The AWC academic coordinator and USP Professor, Marcos Barretto, opened the meeting recalling the methodological aspect of the program, which is essentially pedagogical. He also said that, this year, AWC is working with a pilot project with students of State Technical Schools (Etecs), who are younger. The content coordinator, Diogo Dutra, pointed out that AWC’s essence – supporting TCCs (Undergraduate Final Papers) – brings out two advantages: TCCs are technologies close to the market and graduation is a time when students are propitious to take risks.

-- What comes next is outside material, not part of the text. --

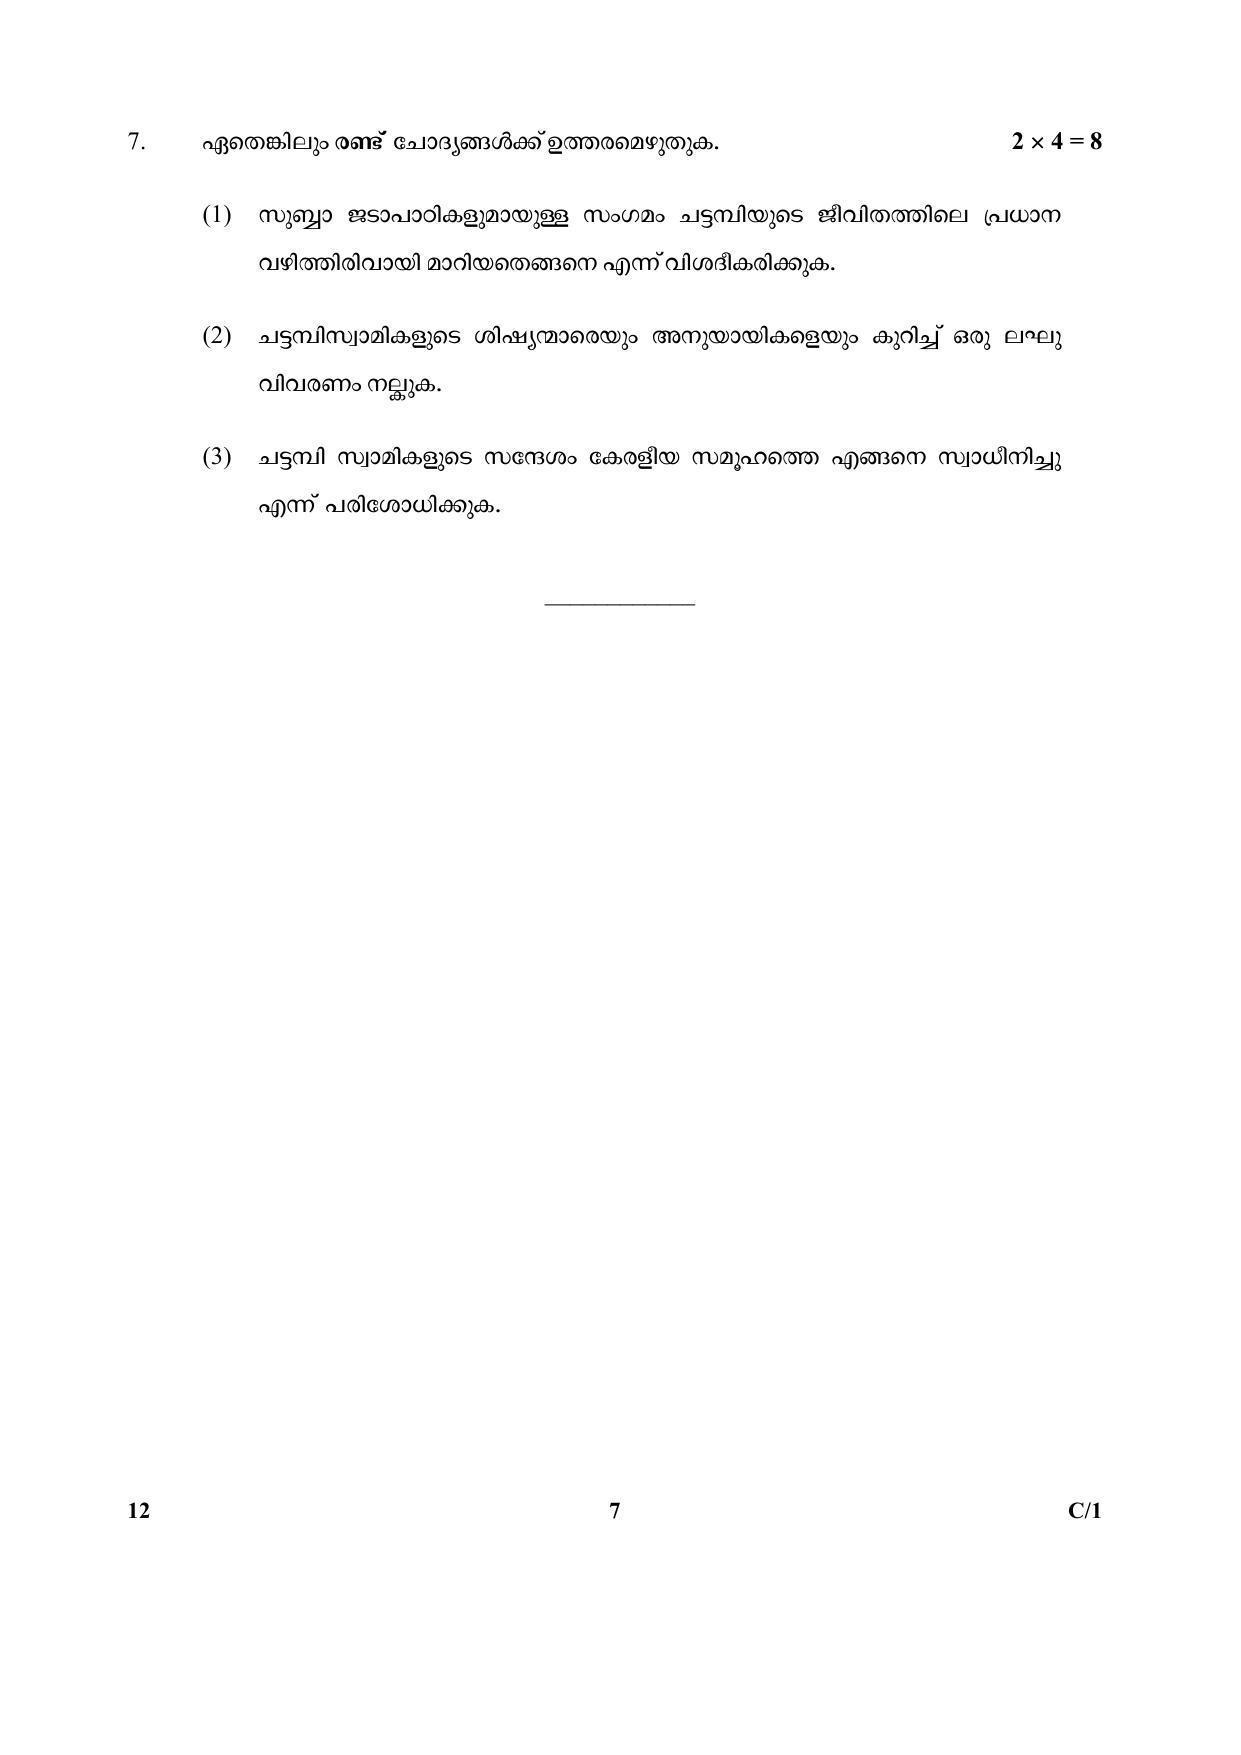 CBSE Class 10 12 (Malayalam) 2018 Compartment Question Paper - Page 7
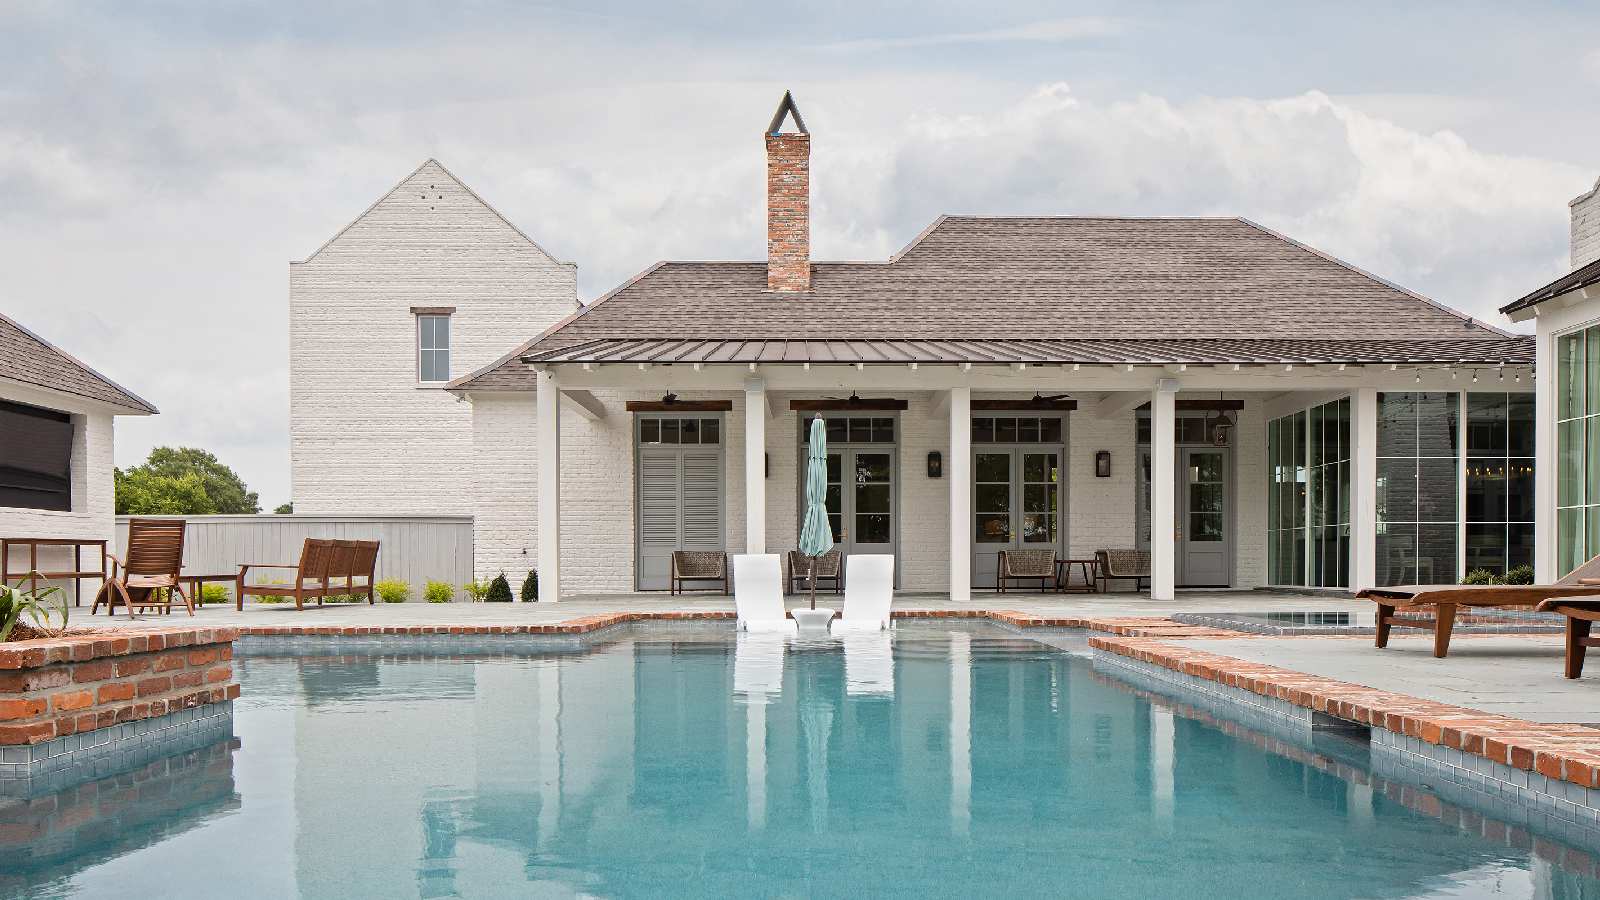 Exterior view of the pool at Oak Alley, a custom home designed and built by Farmer Payne Architects.

“AWC is an educational action, but at the same time it has a great potential to actually generate companies,” concluded Diogo. “We do not demand bombastic technological innovations, and we do not want to be only in the prototype. We want to generate companies that generate income. This is what motivates some of the decisions we make,” Marcos added. Marcos and Diogo explained the AWC changes for this year – the focus on scientific entrepreneurship, the profile of the monitors and the emphasis on the language of the experiment and not on MVP (minimum viable product). The counselors learned about a few projects for 2017, the numbers of this edition (so far, 1432 interviews and 62 experiments have been accomplished and 2 groups already have early adopter), the tools being used and feedback from students about the process.
Following the presentation on the program, counselors were invited to discuss alternatives for their scalability within universities and in other States. Eduardo Grytz and Silvia Takey talked about experiences that are already in progress and proposed networking and the work through franchises. Eduardo suggested holding training courses with multipliers from universities, which later would be sent to field for the accomplishment of a first pilot project with interaction via digital tools. “You create a franchise within the university. And because you are focusing on real tech, it makes sense to be within the university,” he said.
Professor Guilherme Ary Plonsky recalled that it is necessary to think about institutional issues and not forget about the figure of the advisor. “I feel that AWC is a guerrilla warfare. And guerrilla warfare works and can be very effective, but one day you will want to take power. And when you want to take power, the regime is different,” he compared. Ary also mentioned the university’s internal forces, such as the Technological Innovation Centers (NITs), which are in the process of maturation in Brazil.
Angel investor Marco Poli spoke of national and international initiatives and suggested a model divided into regions and in semesters: in the first, mentoring is done remotely; in the second, the student works in-person. “In order to have depth [that AWC has today], you use capillarity and give depth in the last three months,” he advised.
The next AWC Board of Consultants meeting is due to take place in October.